Vor gut 10 Jahren waren Spiele noch nicht so kommerzbehaftet wie heute. Damals hat es sich noch gelohnt, qualitativ hochwertige Spiele zu entwickeln. Heute geht es nur noch darum, wie viele Millionen man aus einem Spiel herausholen kann. Möglich wurde das durch abgestumpfte Spieler, die sich mit immer weniger zufrieden gaben und trotzdem bereit waren, immer mehr zu bezahlen. 

Und mit diesen DRM-Maßnahmen wollen die Publisher keine Raubkopierer bekämpfen, sondern ehrliche Käufer gängeln, solange bis die die Schnautze voll haben und sich eine Konsole kaufen. Denn wenn erst mal alle Gamer eine Konsole haben, gibt es keine PC-Spieler mehr. Dann kann man sich die PC-Versionen sparen und den Gamern mit Hilfe von Sony und MS alles aufs Auge drücken, was PC-Spieler nie ohne Shitstorm fressen würden. 

Das ist jetzt natürlich etwas verkürzt, aber das ist mein persönlicher Eindruck.


Schon als Sim City angekündigt und bekannt wurde, dass das Spiel eine permanente Online-Verbindung erfordert, war mir schon die "Entschuldigung" seitens EA zu den Serverproblemen beim Release im Wortlaut bekannt. "Wir haben nicht mit dem enormen Ansturm gerechnet". Hmm, kommt mir irgendwie bekannt vor. Hmm, woher nur. Ahja, von Ubisoft und Activisio/Blizzard. 
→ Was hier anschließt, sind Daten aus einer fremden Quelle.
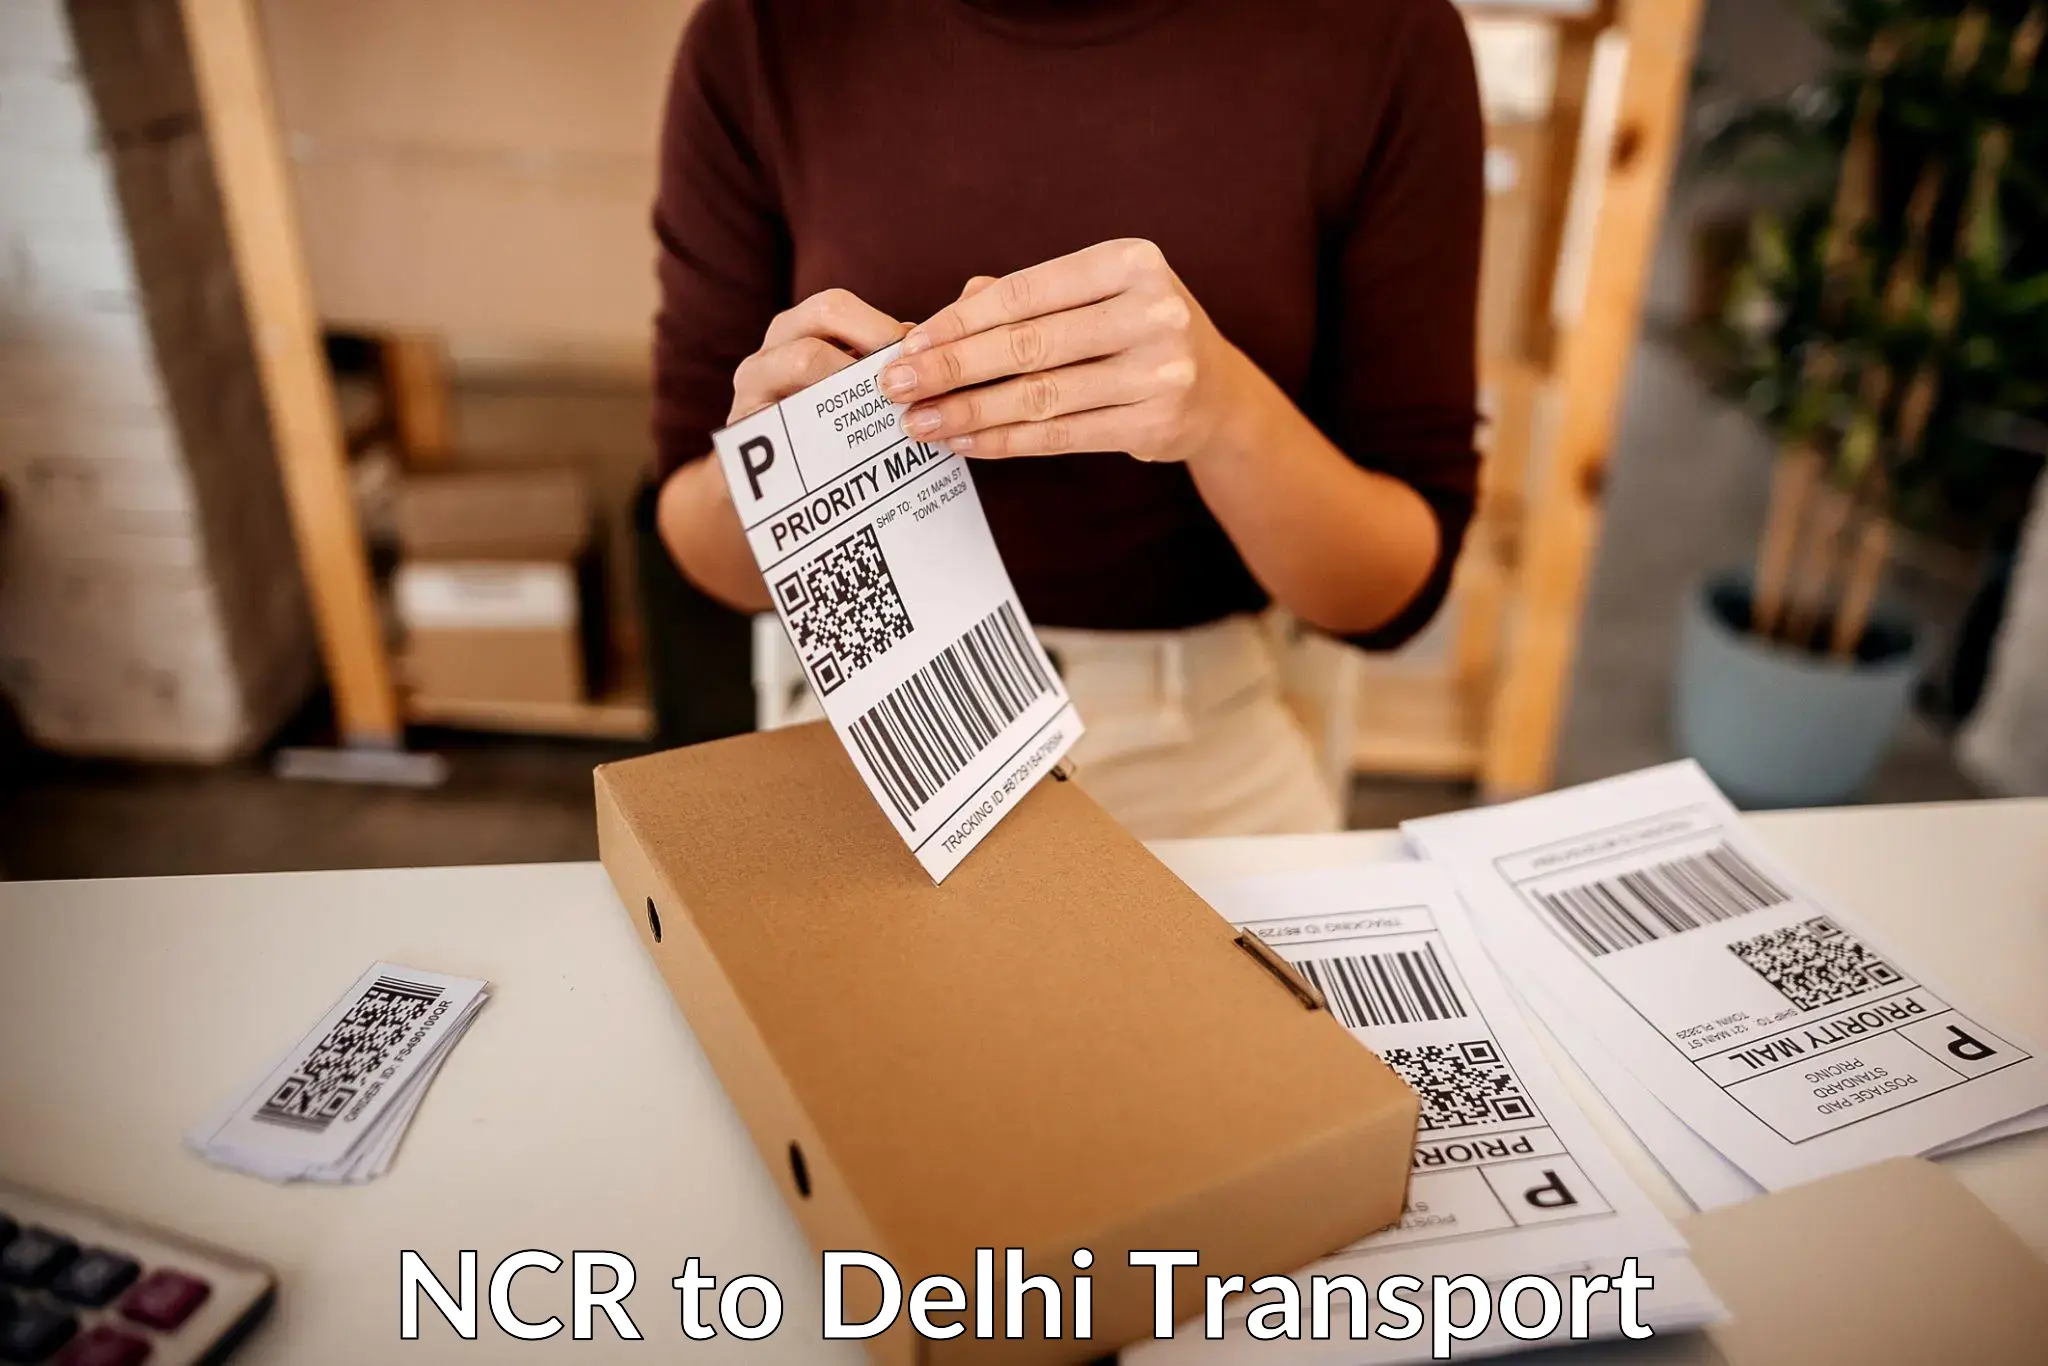 Daily parcel service transport NCR to Kalkaji

Wem wollen die eigentlich erzählen, dass sie nicht mit dem Ansturm gerechnet haben, wenn sie doch Werbung machen wie die Blöden und hoffen, dass sich Zigmillionen Exemplare ihrer Spiele verkaufen? Und wenn sich so viele Leute das Spiel kaufen, ist auch klar, dass es diese auch möglichst schnell zocken wollen. 

Denen waren die Probleme selbstverständlich schon klar, als sie sich dazu entschlossen haben, dem Spiel einen permanenten Onlinezwang zu verpassen. Die haben sicher abgeschätzt, wie viele verärgerte Spieler ihr Spiel zurück geben würden und dafür die Kosten kalkuliert. Und dann haben sie berechnet, was es kosten würde, die Serverkapazitäten zum Release aufzustocken. Und offenbar wäre es teurer geworden, die Serverkapazitäten aufzustocken, auch weil viele Gamer Lemminge sind, die blind in ihr Verderben rennen.


----------



## RedDragon20 (10. März 2013)

*AW: DRM-Debakel Sim City 5: Ihre Widerrufs- und Rückgaberechte analysiert*

Recht und Gesetz hin oder her. Ich bin der Meinung, dass der Kunde selbst Schuld ist, wenn er sich ein Spiel kauft und sich vorher nicht informiert. Denn genau deswegen entstehen Beschwerden: Mangelnde Kommunikation zwischen Firma und Kunde. Freilich gehört es dazu, dass die Firma ausdrücklich mitteilt, dass es so und so aussieht (was die Entwickler im Falle von SimCity gemacht haben). Aber letztendlich muss der Kunde sich einfach vorher informieren und sich nicht von Marketinggewäsch blenden lassen. Ansonsten ist er selbst Schuld an seiner Enttäuschung. 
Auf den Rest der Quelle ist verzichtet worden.